Posting risqué messages on Facebook could cost you a prospective job or even negatively impact your relationships (pending, of course, on the content you’re putting on your page). But for one Indonesian man, sharing a very basic fact about his personal beliefs and defending atheism has led to an attack by an angry mob and a potential jail sentence because his comments were considered anti-Islam.
The drama unfolded when 30-year-old Alexander An posted a small tidbit of information regarding his faith — that he’s an atheist. The civil servant, based in Pulau Punjung, Indonesia, wrote, “God doesn’t exist.” This brief comment led him to enter into a debate about religion with fellow users of the social network. What commenced as an online fight led to dozens of angry locals storming into An’s office to show their disdain for his anti-religion comments. After badly beating him, the Telegraph reports that they took him to police.
In America, where freedom of religion and speech are cornerstones, his Facebook comments wouldn’t be a problem. But in Indonesia, where blasphemy is a crime that carries up to a five-year prison sentence, making such proclamations is illegal. The Telegraph has more:
Under the Indonesian criminal code blasphemy is defined as publicly expressing feelings or taking some action that spreads hatred, abuse or taints a religion in a way it would cause someone to disbelieve any of the country’s six official religions.
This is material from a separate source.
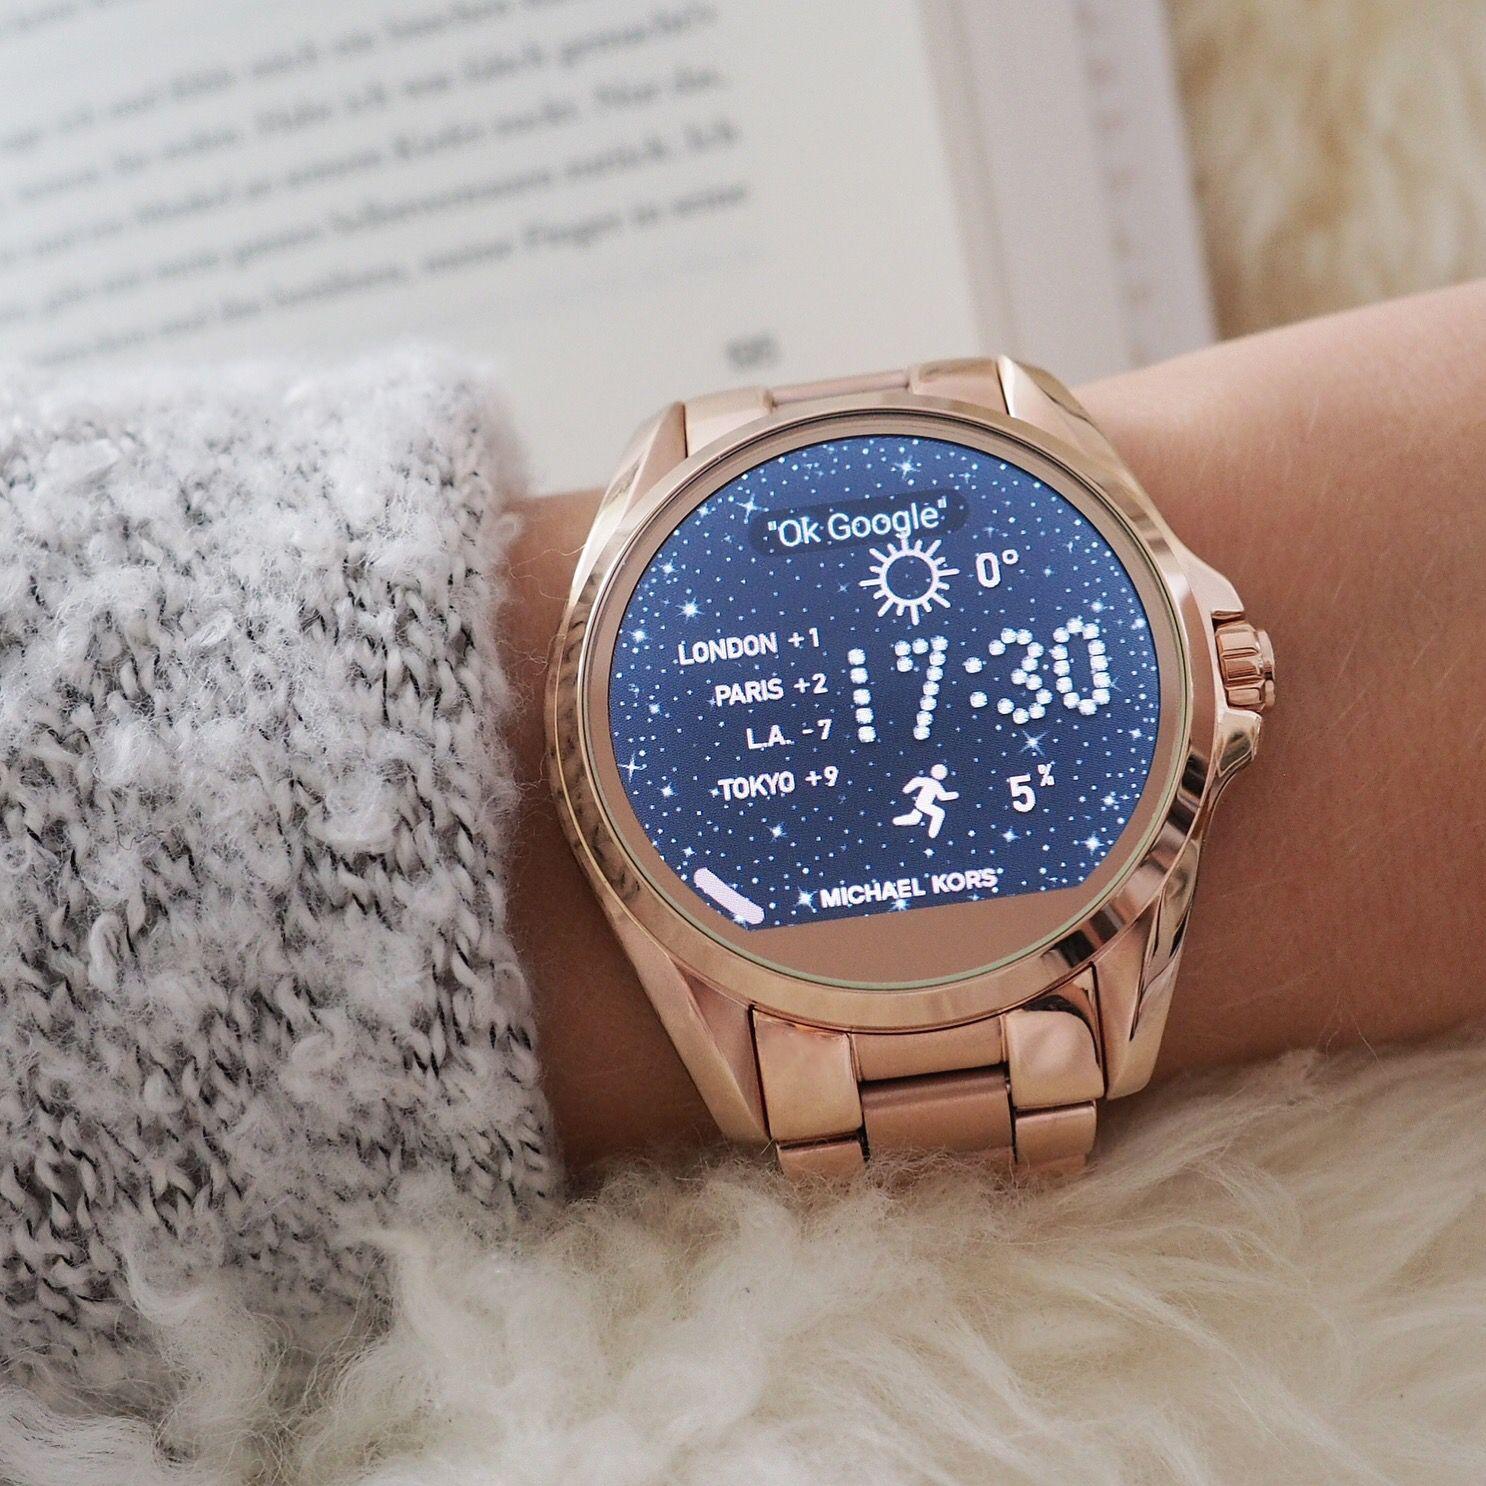 Michael Kors Access Smartwatch Reloj Relojes Michaelkors Venezuela Armbanduhr Frauen Handtaschen Michael Kors Michael Kors Uhr
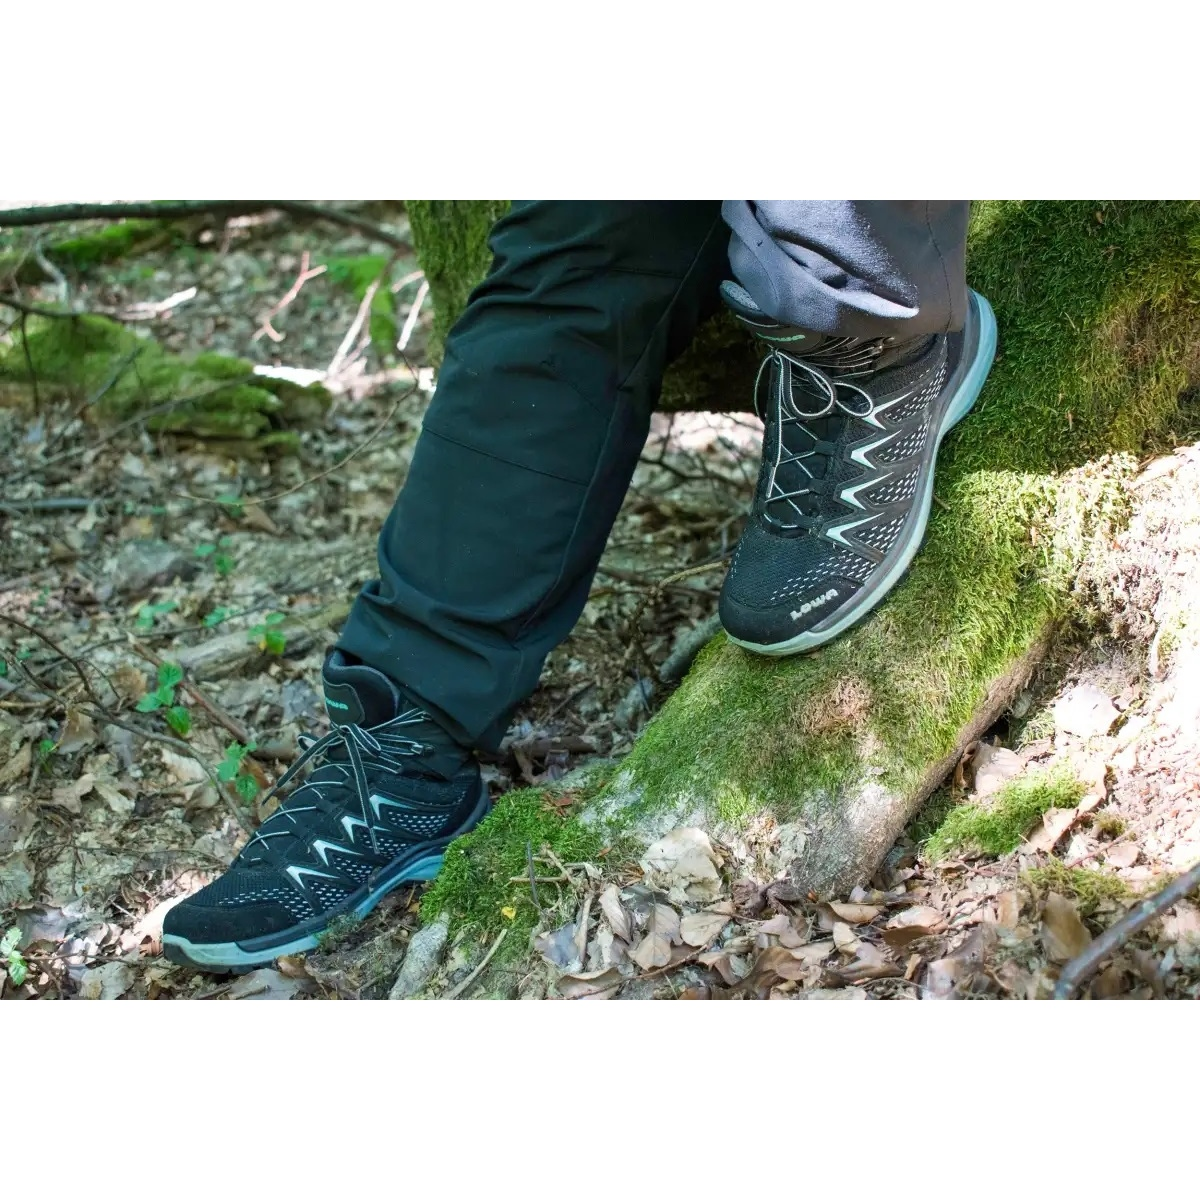 Image of LOWA Innox Pro GTX Mid Ws Women's Shoe - graphit/mint

“He is suspected of having blasphemed against Islam,” local police chief Chairul Aziz told AFP in an interview. ”The man told police investigators that if God really exists and has absolute power, why didn’t he prevent bad things from happening in this world.”
According to his Facebook profile, An was brought up Muslim, but had a change of heart. In addition to his vocal non-belief, AFP reports that he was also an administrator on a Facebook page promoting atheism; the page had 1,361 followers as of this afternoon. His postings have apparently been removed following his detainment.
Currently, An is said to be in protective custody.